風の谷の…
上官が猫を拾ってきた。
気を失っているその猫は金色の毛並みがとてもきれいだ。
そのきれいな毛並みに誘われて頭を撫でる。
それを見ていた上官が気をつけろよ。目を覚ますと凶暴だと言う。
そういえば上官はよく見ると引っかき傷だらけだ。
暴れ疲れて眠っているのだろうか。
やっぱりかわいいと思う。
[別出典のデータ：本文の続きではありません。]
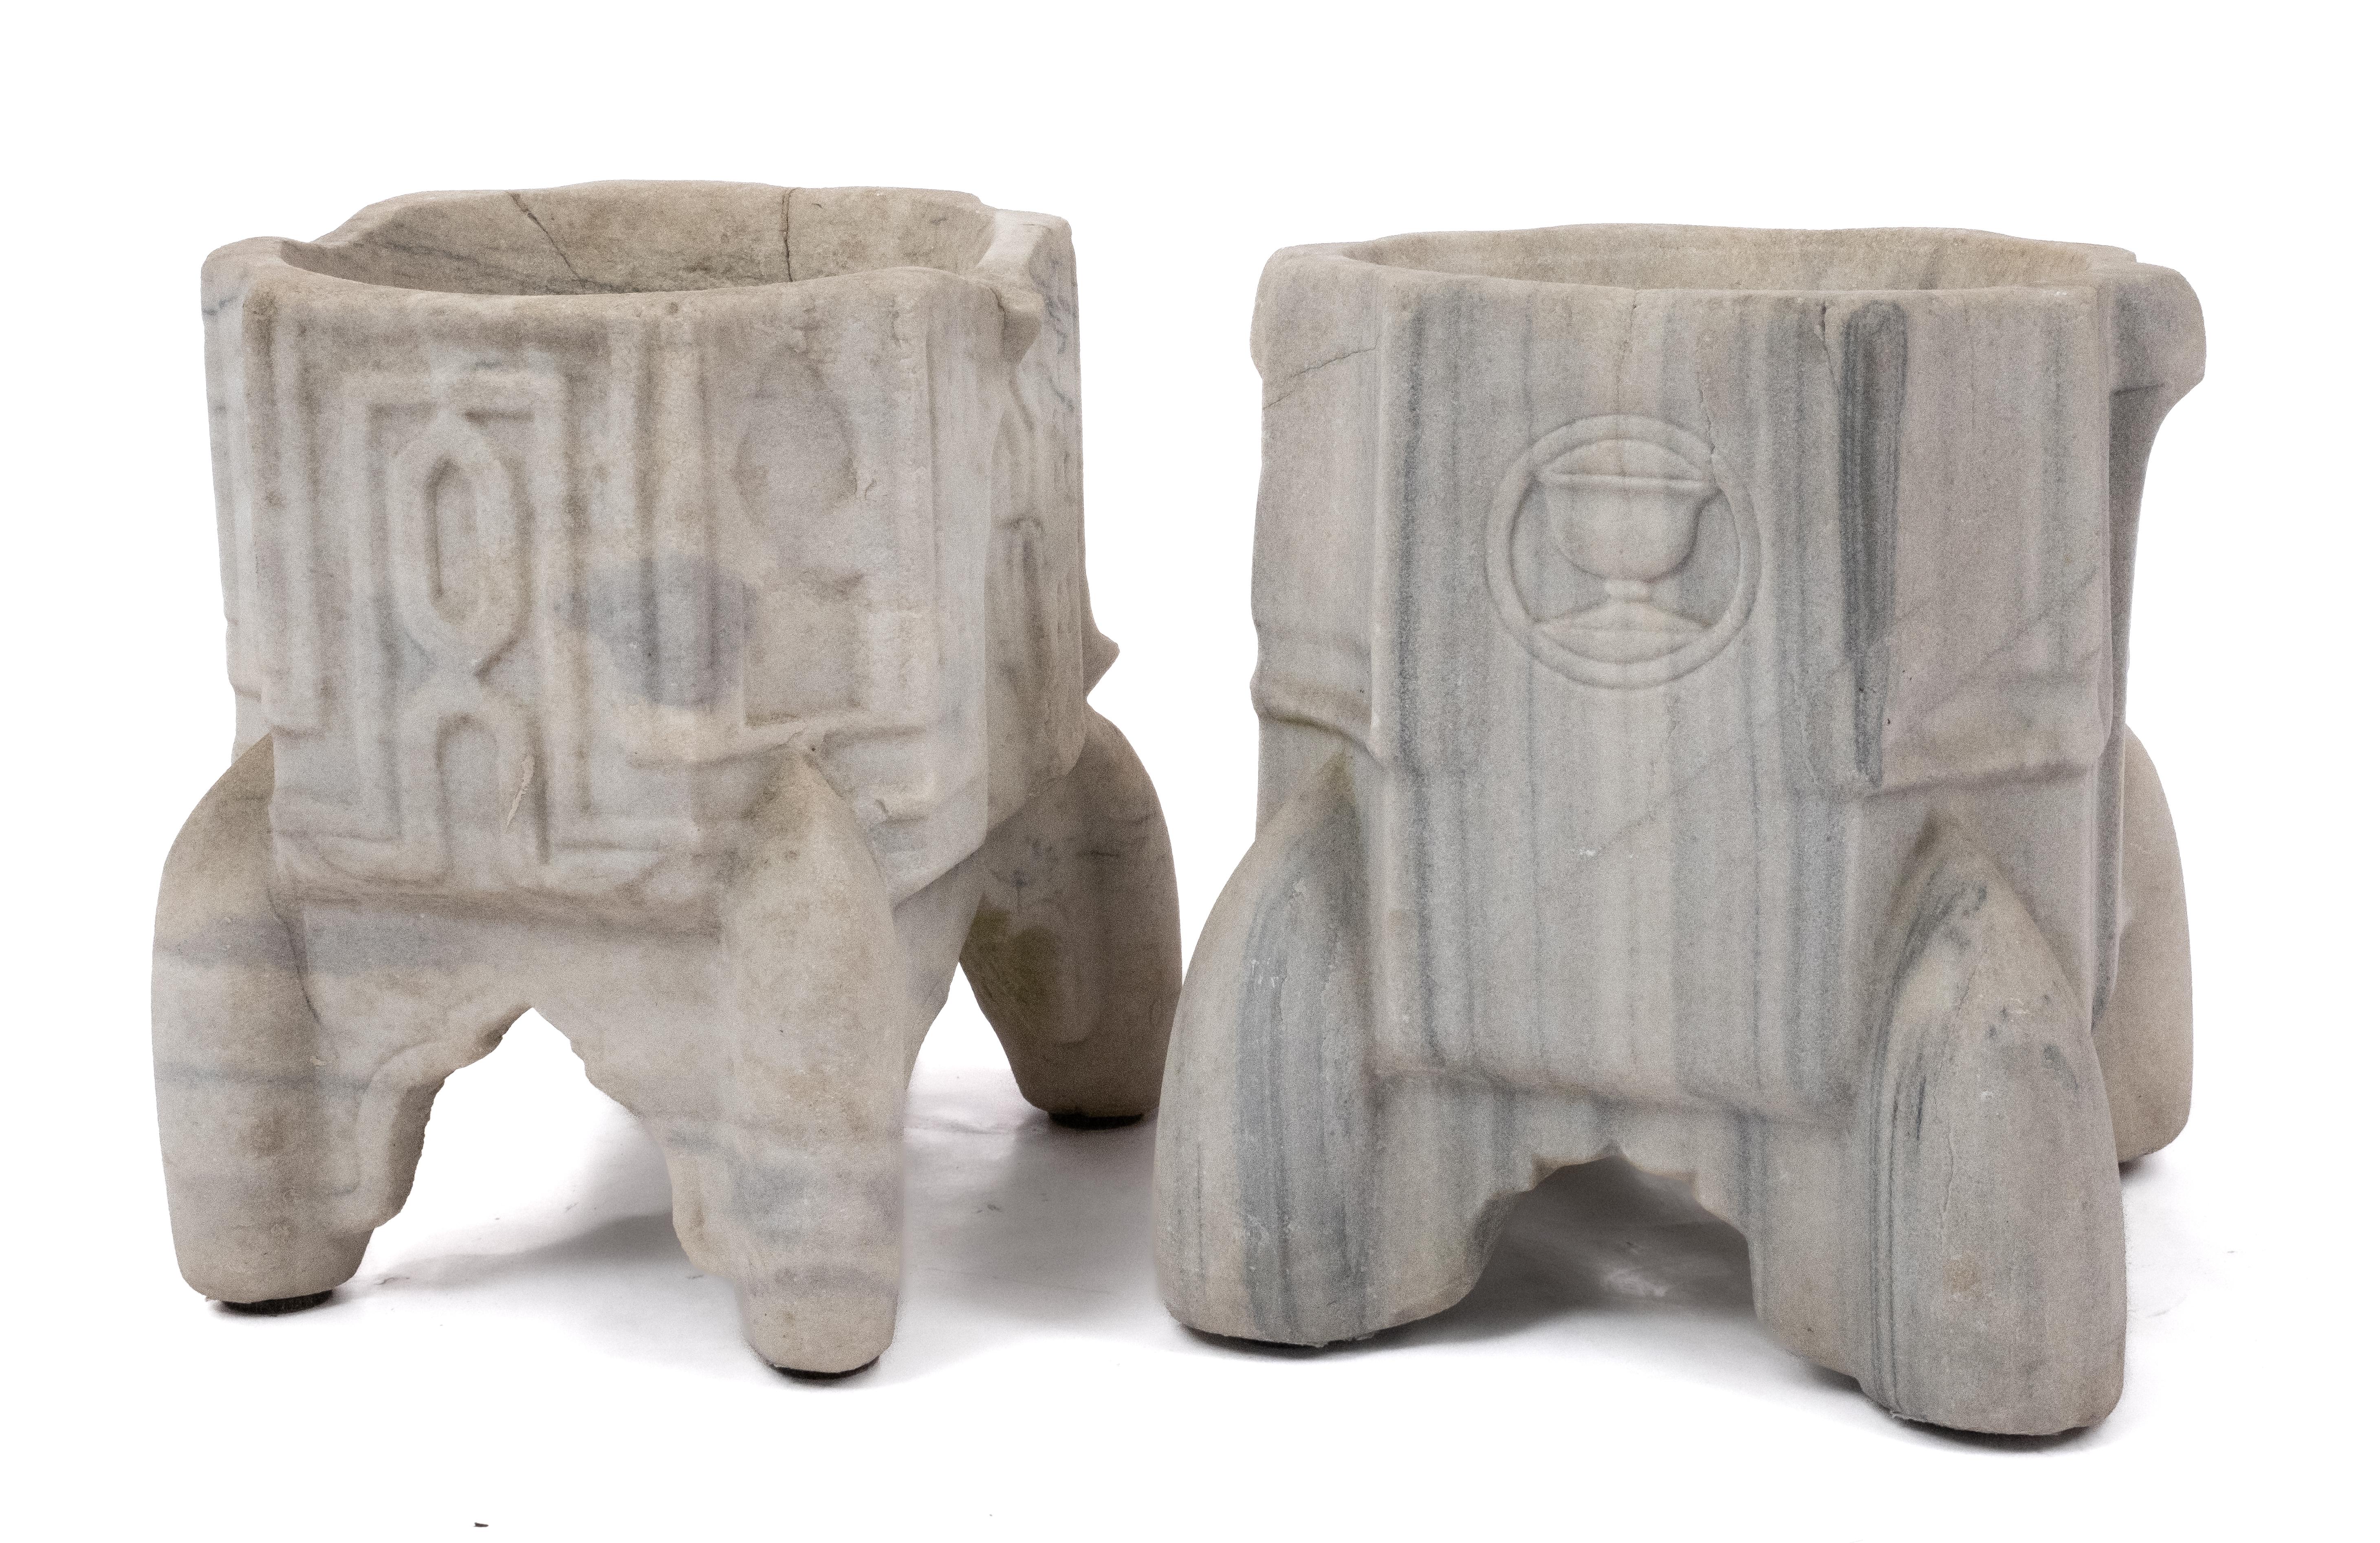 Two Fatimid marble jar stands (kilgas) - Image 3 of 4

が、目を瞑っているのが惜しい。
頭に添えていた手でふと顔を撫でると、その手にピリっと痛みが走る。
見ると、今の今まで目を瞑っていた猫が指に噛み付いていた。
全身の毛を逆立てて歯を食いしばっている。
これは警戒?
いや、その金色の瞳に映るのは恐怖?
そう、おびえている。
おびえた猫から噛みつかれた手を振り解くのは容易いが、それは恐怖を煽る結果にしかならないだろう。
かといってこれだけの体格差があるのだ、落ち着かせようとその身体に手をのばすのも逆効果だろう。
自分の大きな身体は恐怖を煽る要因にしかならない。
仕方ないので指をかまれたまま、睨み付けてくる金色の至高の宝石のような目を見つめる。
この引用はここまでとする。